Benard didn't answer immediately. He stared at the flame, his voice quiet when it came.

"The one no map can show us. We stop searching for directions... and start watching for signs."

Ormond's fingers drummed softly on the table, his eyes fixed on the edge of the map.

"Watch for signs," he echoed. "And what if there are none?"

Benard stood, his gaze turning toward the tent's entrance.

"There will be," he said. "Have you ever heard the old poem, The Lotus Riddle?"

Ormond looked up from the map. "Of course."

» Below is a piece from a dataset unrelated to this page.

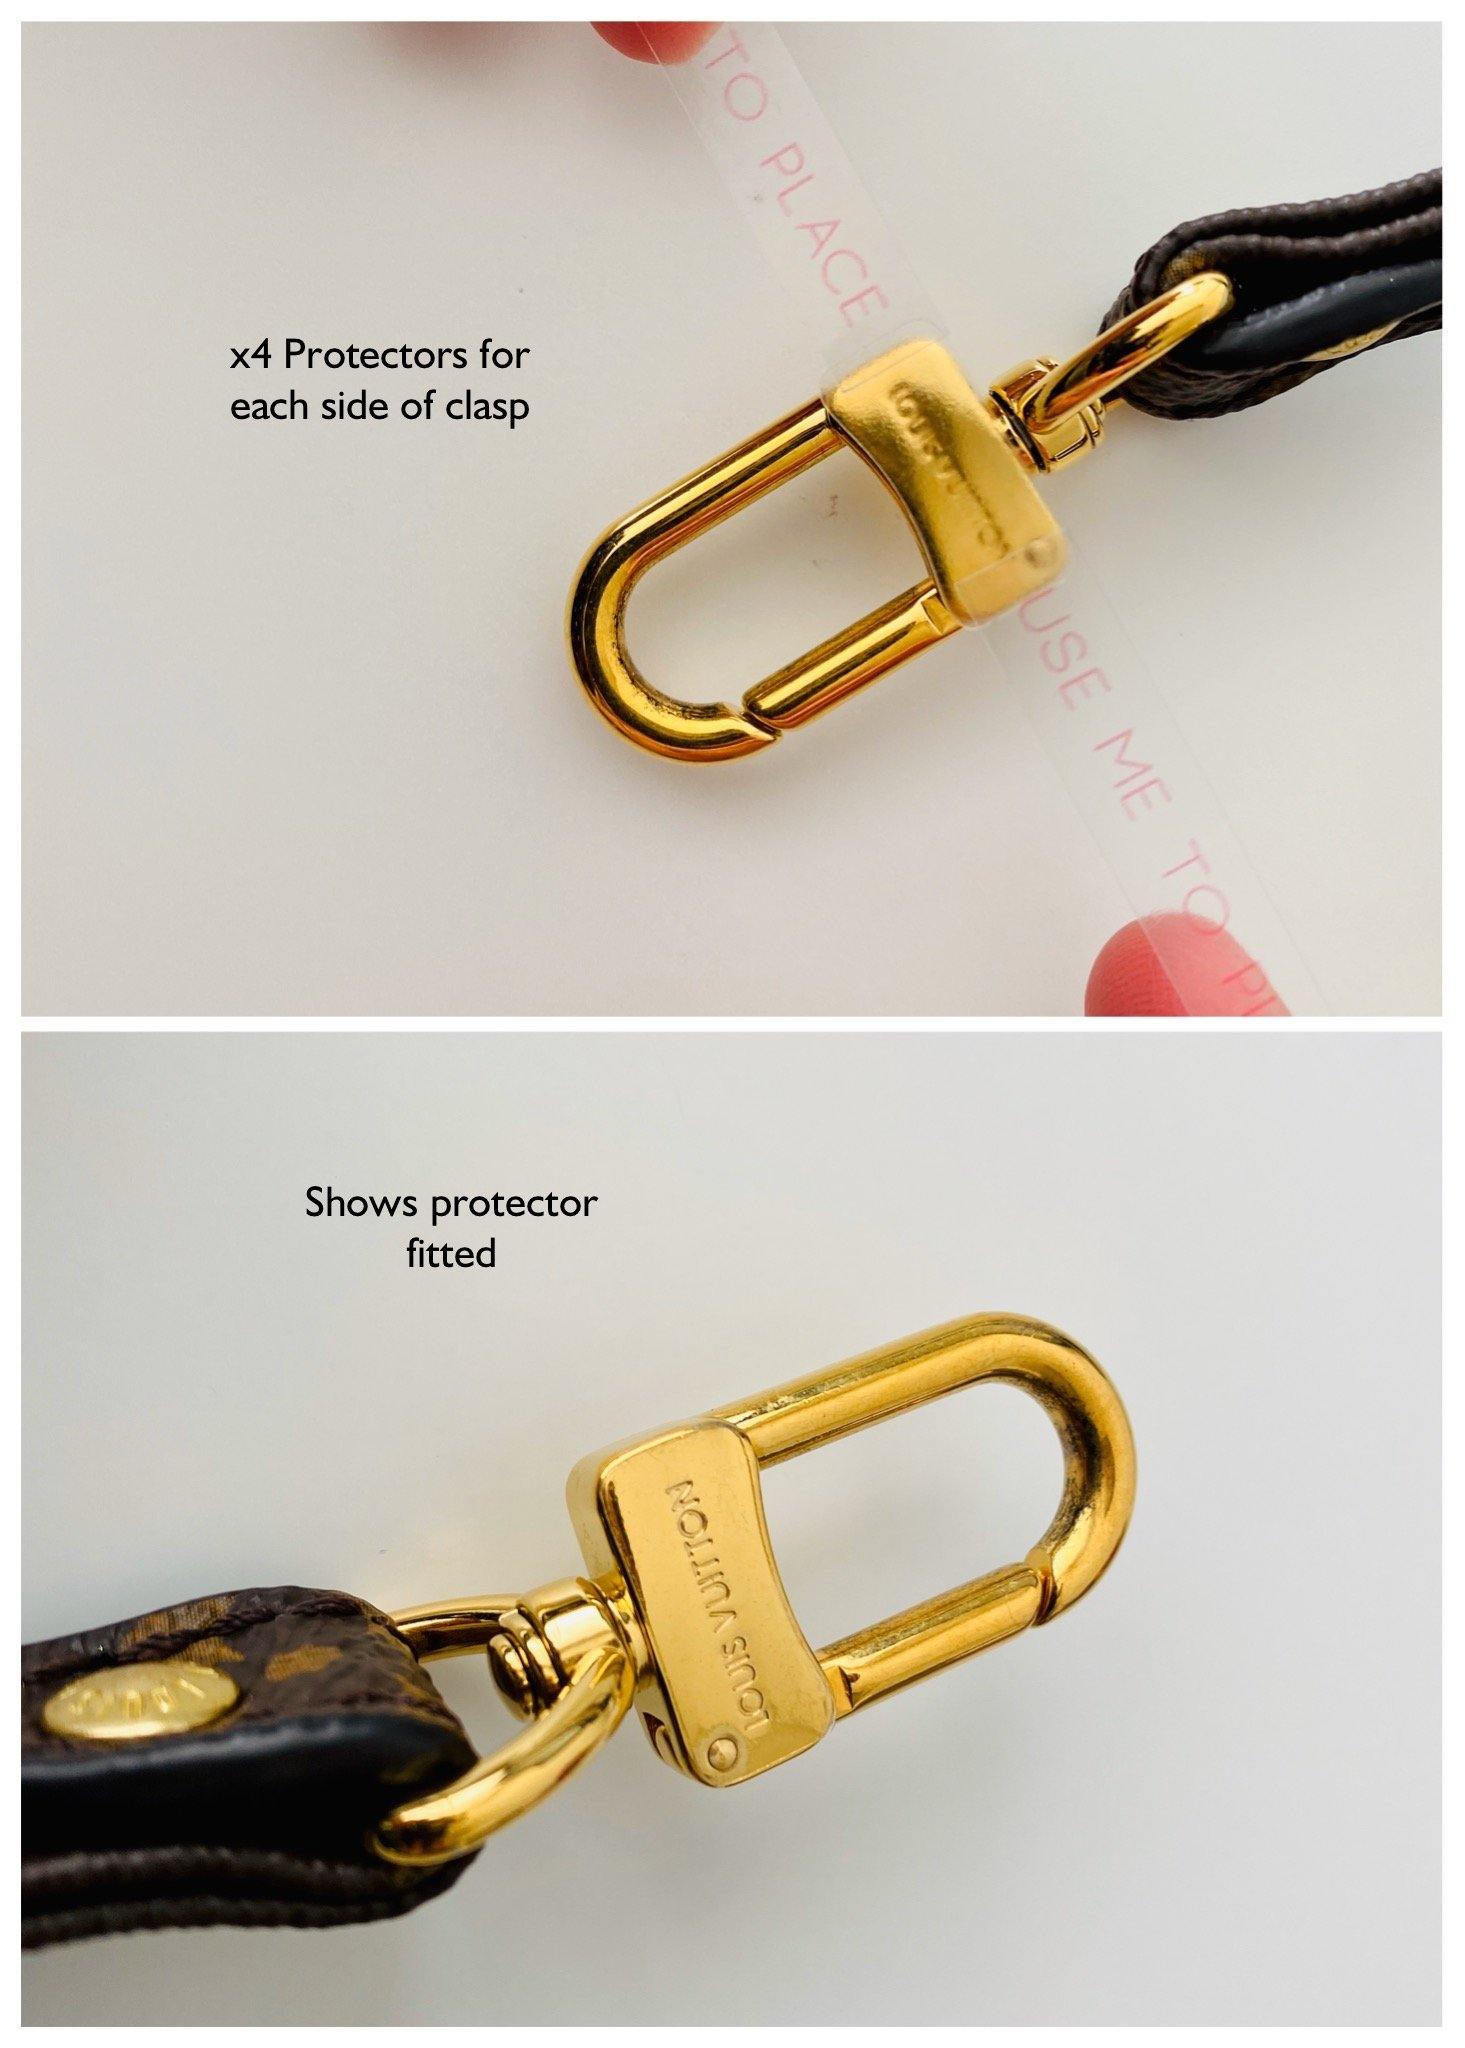 Protectors compatible with Multi Pochette Accessories

Benard spoke the words softly, as though reciting a forgotten spell:

"Where shadows bloom at end of day,

The vanished road reveals its grace.

Look not ahead, but turn away,

The past may hold the hidden place."

A beat passed, then Ormond's eyes widened.

"Turn away…" he repeated under his breath. "The vanished road… the path behind…"

He bent over the map with sudden energy, tracing the lines backward, not forward.

"Of course!" he breathed. "It's not ahead of us, it's behind. The route to Zenithara was never meant to be approached head on. It was hidden in reverse!"

Benard nodded, calm but satisfied. "Sometimes, the answer is not in finding a new way, but in re-seeing the old one."

Ormond looked at him with renewed respect. "Benard, you've done it again."

He gave a low, appreciative laugh. "I don't say this lightly, but if I am to walk into legend, I'm glad it's with you beside me. You were born for more than command. There's something... deeper in you."

Benard said nothing, but a flicker of something unreadable passed through his eyes, a thought he chose not to share.